The third item is not science as such but it does involve the craft of being objective, using actual evidence, and keeping politics out of judgment. That is the CIA's analysis of Iran's nuclear program and Tehran's involvement in supporting Hezbollah. The agency, burned badly by Cheney's arm-twisting to cook the numbers on Iraq's WMD program, has reverted to more detached and conventional methods in producing its estimates. And intelligence agencies have soft-pedaled the links between the Lebanese resistance group and Iran, and has said the nuclear program in the Islamic Republic is not weapons-capable in the next few years.
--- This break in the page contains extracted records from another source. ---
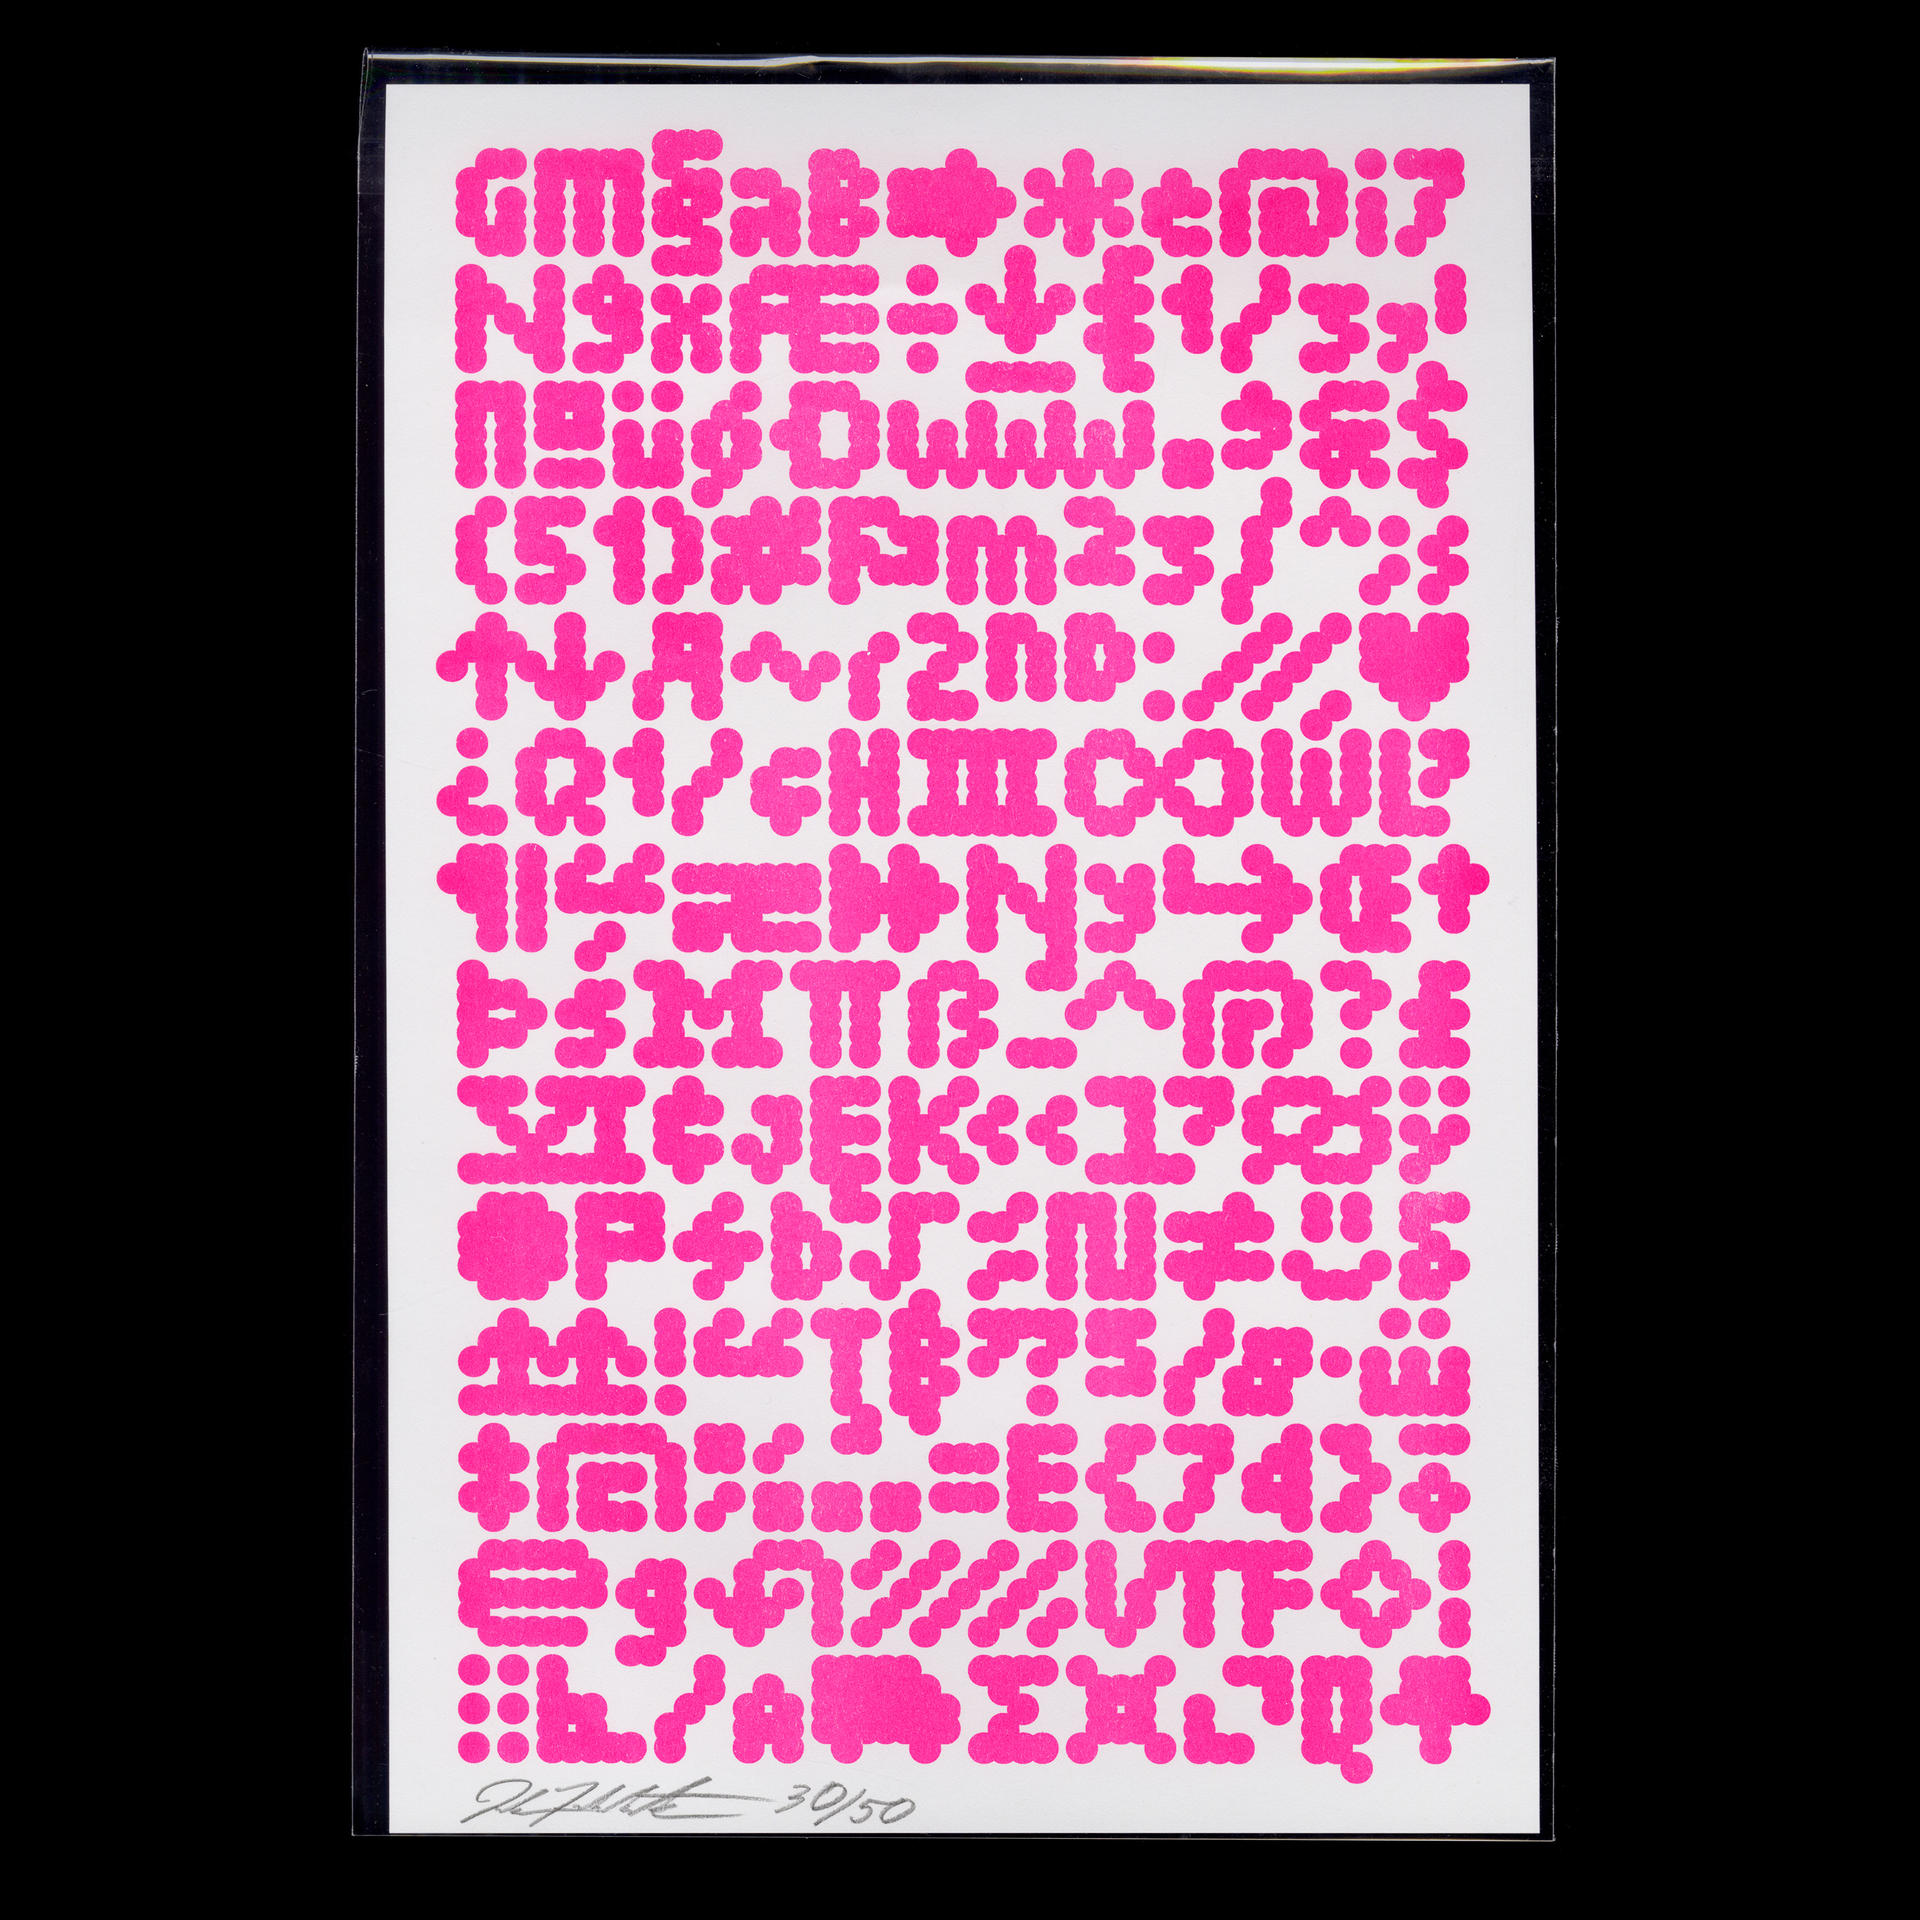 Specimen poster for TINY (Today In New York), an open-source font
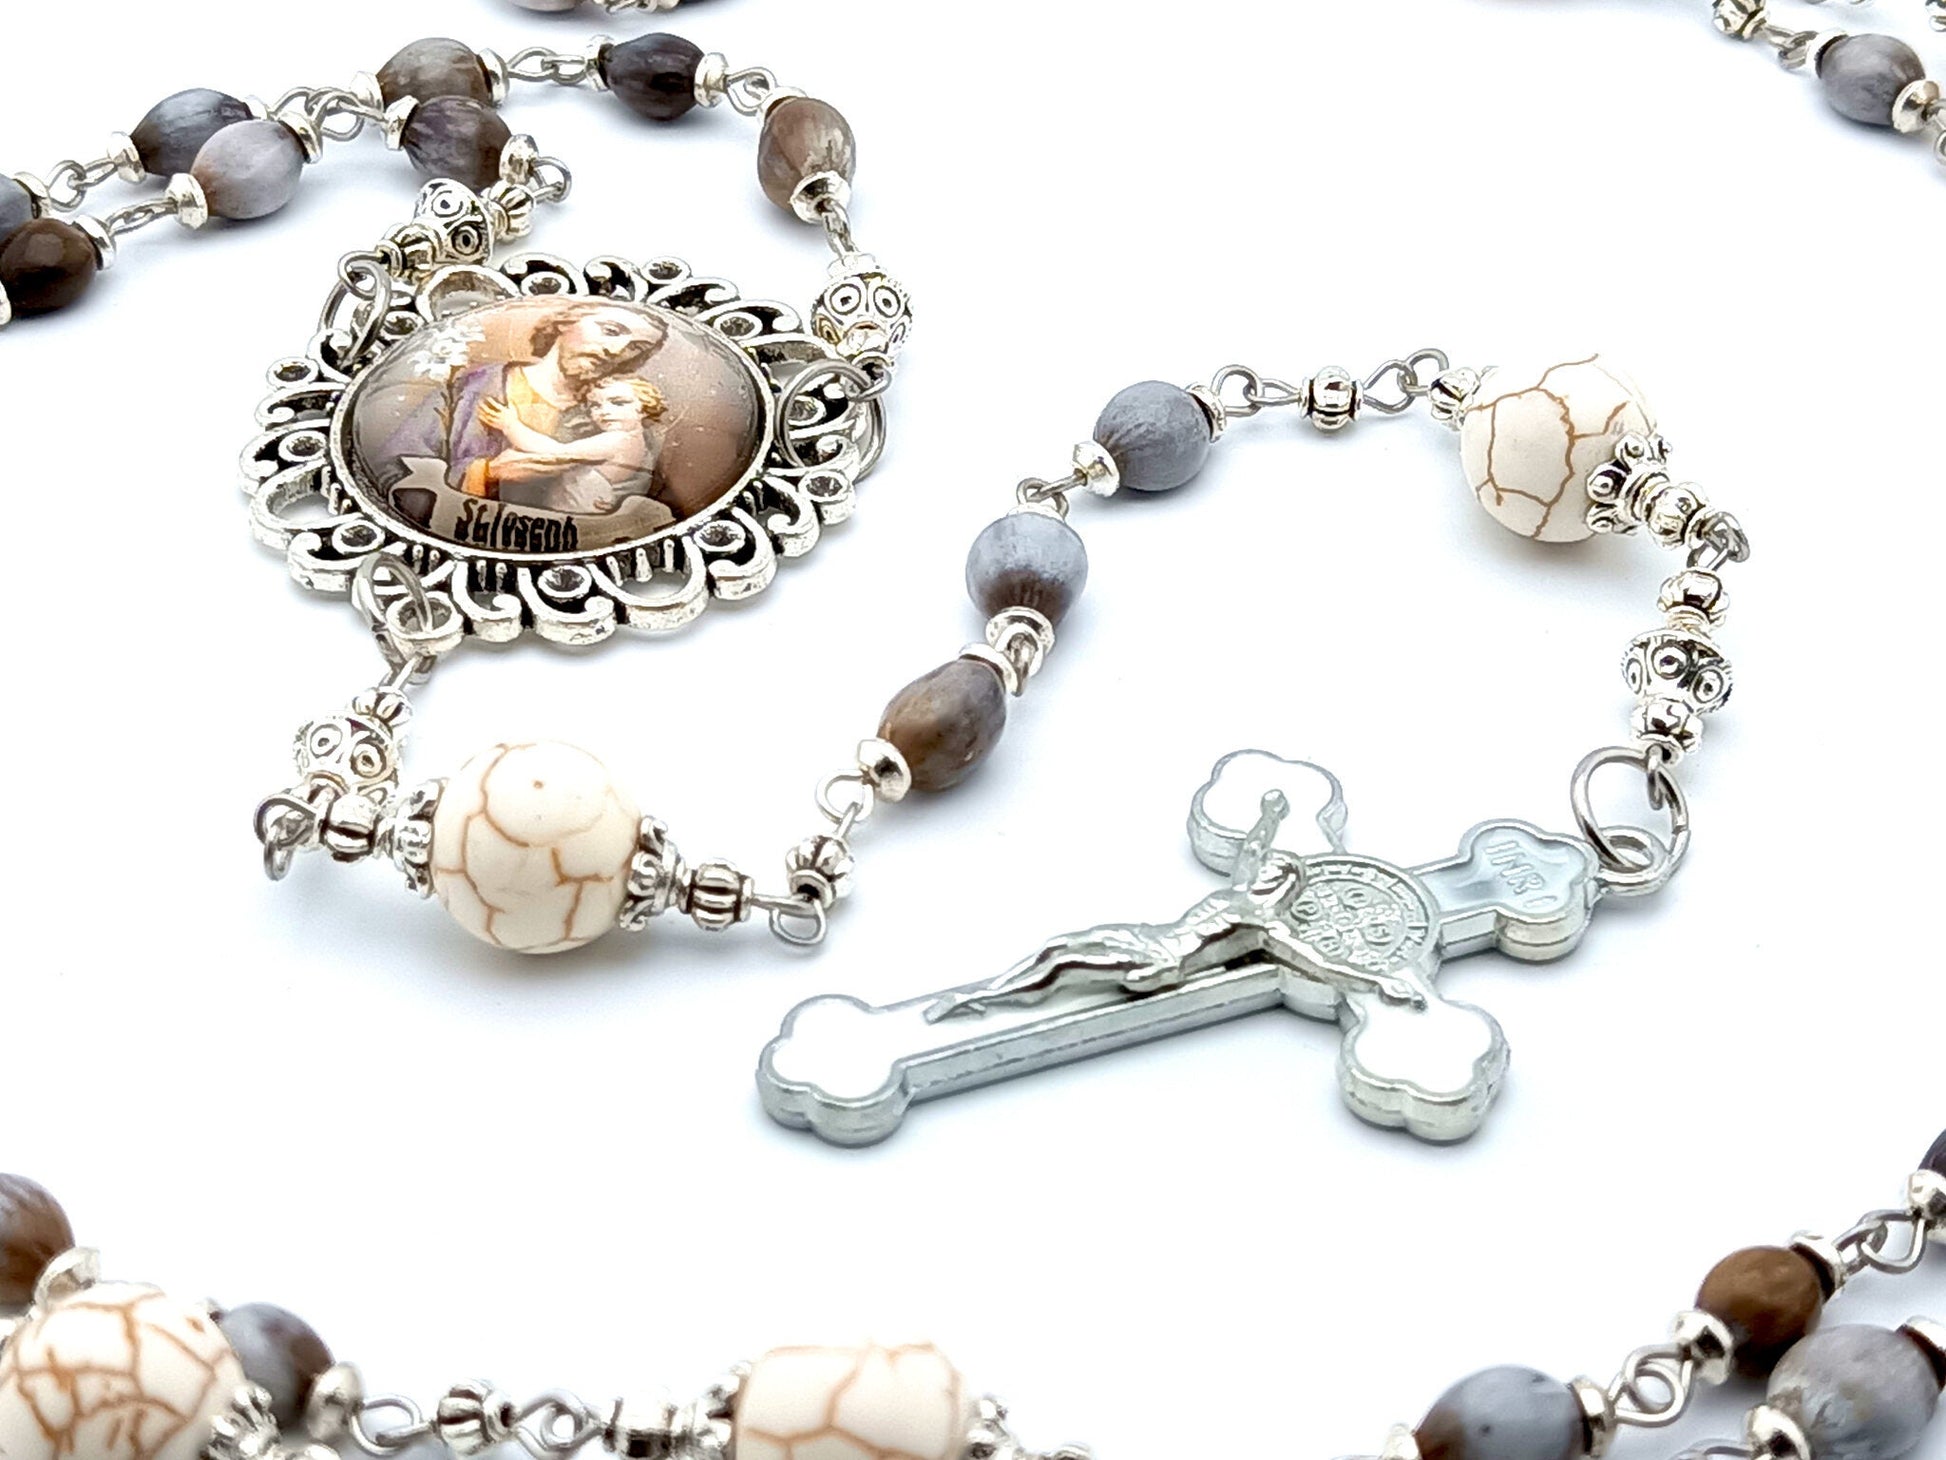 Saint Joseph unique rosary beads with Jobs Tears and gemstone beads, white enamel Saint benedict crucifix and large picture centre medal.
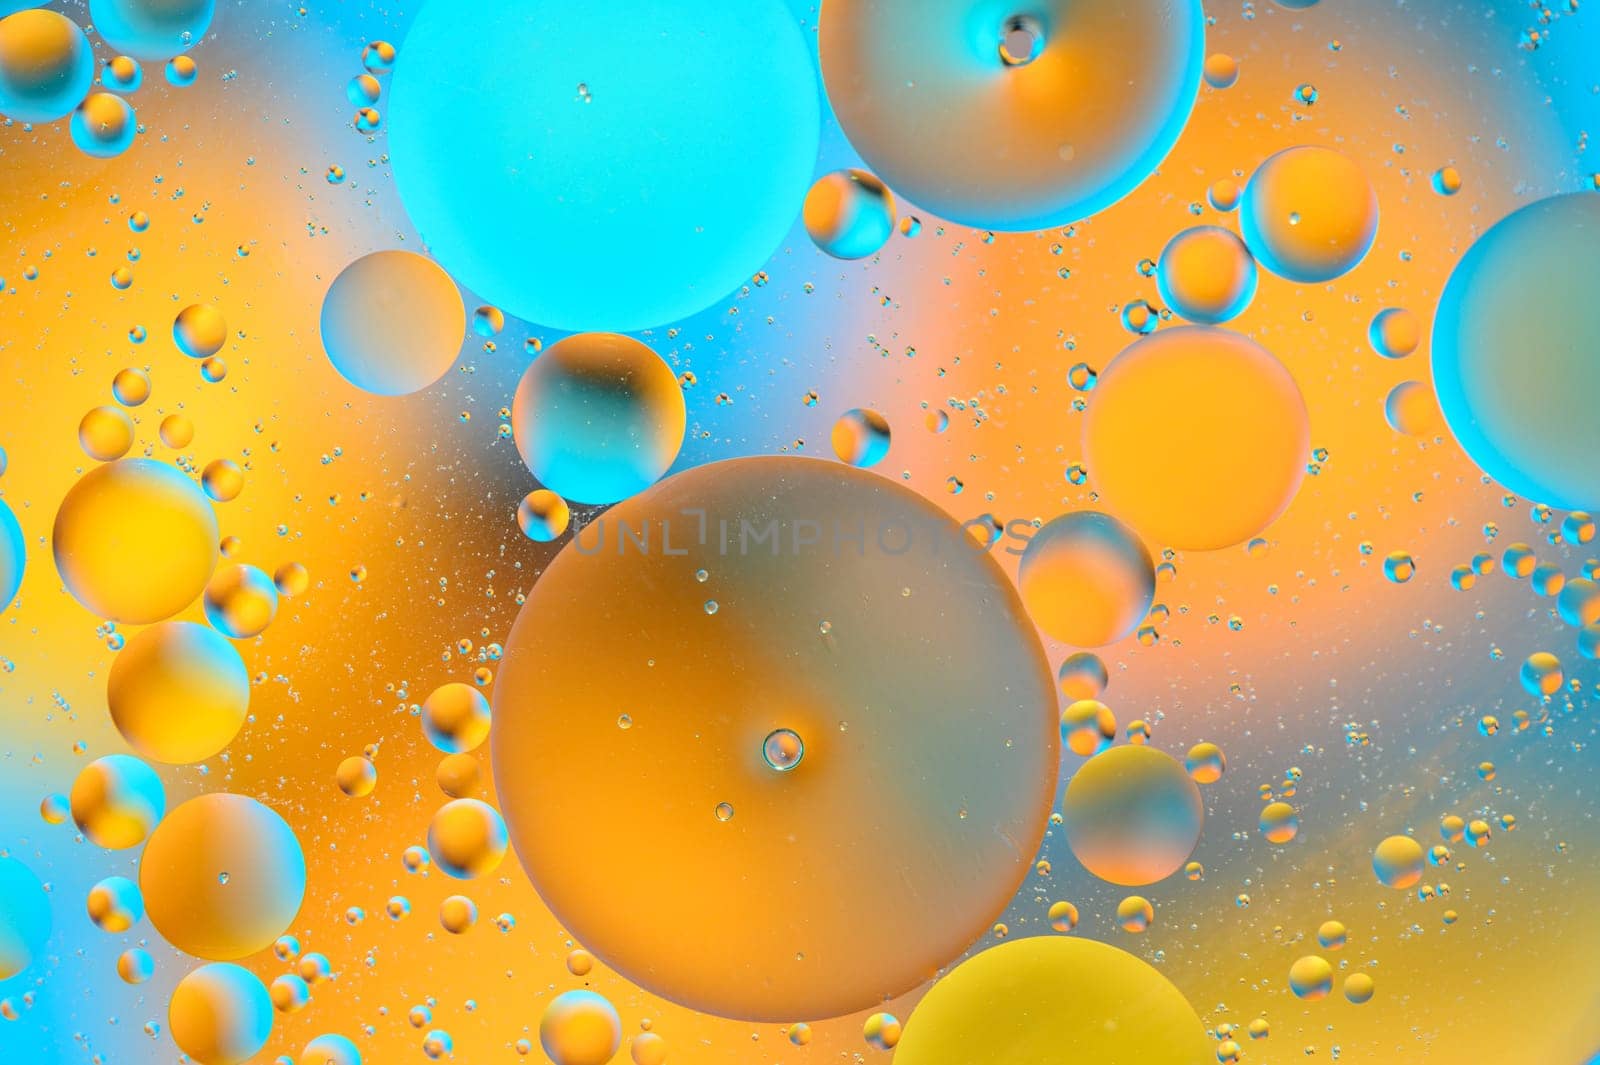 abstract background of multi-colored spots and circles microcosm universe galaxy 14

Comes now a House Intelligence Committee report saying such caution---one is tempted to call it reality-based analysis---is not good enough: they want red meat for the....what, exactly? An attack on Iran that as of now has no justification? An issue for the mid-term elections? A bone to throw to the anti-Muslim lobbies? Probably all of the above. It has nothing to do with the truth, with empirical research and analysis, and we know this terrain already quite well in the Persian Gulf. (By the way, the intelligence agencies have been estimating---and leaking---the conclusion that Iran is 3-5 years away from a nuclear bomb, and have been doing so regularly since 1982. See the chronology compiled by the Monterrey Institute.) This House "report" is probably a trial baloon for Republicans' hopes to divert attention from the Iraq debacle and rev up Americans' easily excited fears.

But let's hope the know-nothing clique in charge will be forced to explain why, in one day, they are acting to undermine research that could change human health forever for the better, undermine science education, and cook up phony numbers to lead us into another war. That's a trifecta---for the ignorant.